It’s official!  Dave Eggers’ 2013 masterpiece The Circle is going on the big screen this year.  Director James Ponsoldt, who has The End Of The Tour (2015) under his belt, will grace us all with what I hope turns out to be the visual equivalent to quite possibly the best book I have ever read. Interestingly, Dave Eggers has written several reviews on Infinite Jest, David Foster Wallace’s everlasting novel that deals with similar themes that arise in The Circle. As Ponsoldt takes on another mastermind’s work, I am eager to witness what the film has to offer.  

Now in post-production, the film will include Tom Hanks as the all-encompassing Eamon Bailey, Boyhood’s Ellar Coltrane as my favorite character, Mercer, Doctor Who’s Karen Gillan, and Star Wars’ John Boyega as “Kalden.” Without spoiling the complex and genius plot, I will leave you to figure out why those quotation marks remain. Last but not least, the main character Mae will be played by none other than Emma Watson. It takes a lot to make me want to read a book in its entirety. HoweverEggers, straying from his colleague Wallace’s long-winded style of writing, gets down to the point with each encounter Mae faces, which drove me to turn the pages faster than I have ever been inclined to with any other book.

The plot resonates deeply with a society so consumed by a virtual world. The young Mae Holland lands a job at the only company that really matters, The Circle.  Pioneering apps and devices are created here, like tracking systems that will create safer environments for children and inescapable surveillance devices.

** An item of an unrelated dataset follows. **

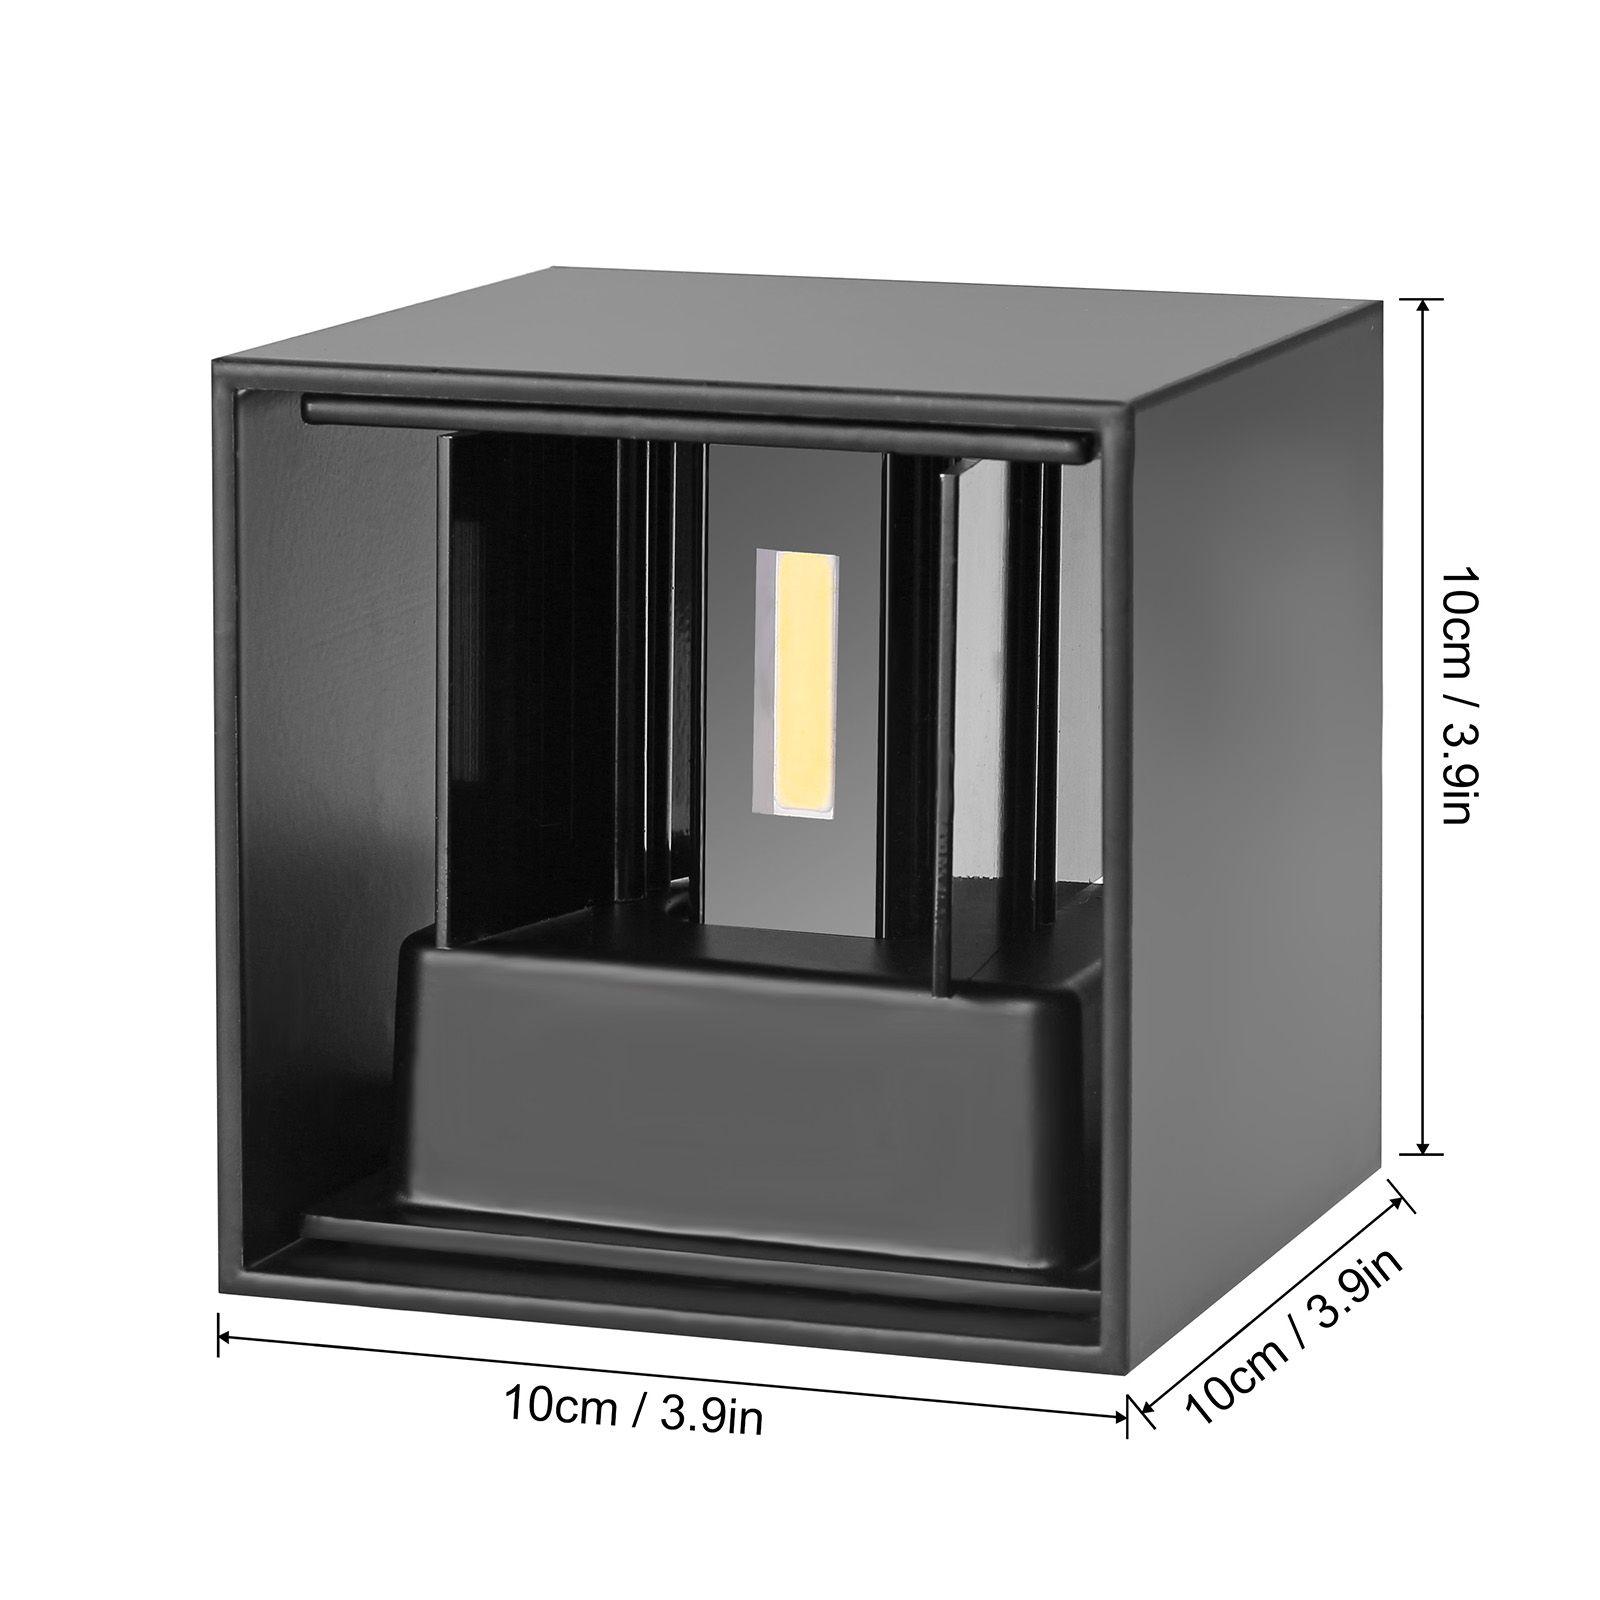 7W LED Lampada de alumínio Wall Light Waterproof COB LED Lâmpada Wall Light Modern Home iluminação interior decoração ao ar livre 220V AC

Eggers writes of the dangers that lie within technology.   Have we become slaves to black screens?  In today’s mobile world, do we draw a line between public and private?  Between how engrossed so many of us have become in social media, making it our life’s mission to gain followers, likes, comments, attention on our selfies and the nightmare of identity theft many of us have experienced, is there such a thing as privacy?  Do we have a choice of who receives information about us and our personal lives?

If you think about it, someone is always listening one way or another. Dave Eggers explores those dangers, allowing his readers to decide at what point a high-tech utopian society turns into a dystopian trap that grabs hold of us and begins controlling human activity. Our technology-ridden generation may be contributing to a more glorious and bright future full of hidden cameras tracking every step we take and every decision that we make.  

Are we just too blinded by smartphones and deafened by earphones closing us off from each other to realize the danger in that?  

After reading this insightful and eerie novel,  I think so.  If the book isn’t enough, maybe the movie will wake us all up.  James Ponsoldt, don’t let me down.

Comments are closed.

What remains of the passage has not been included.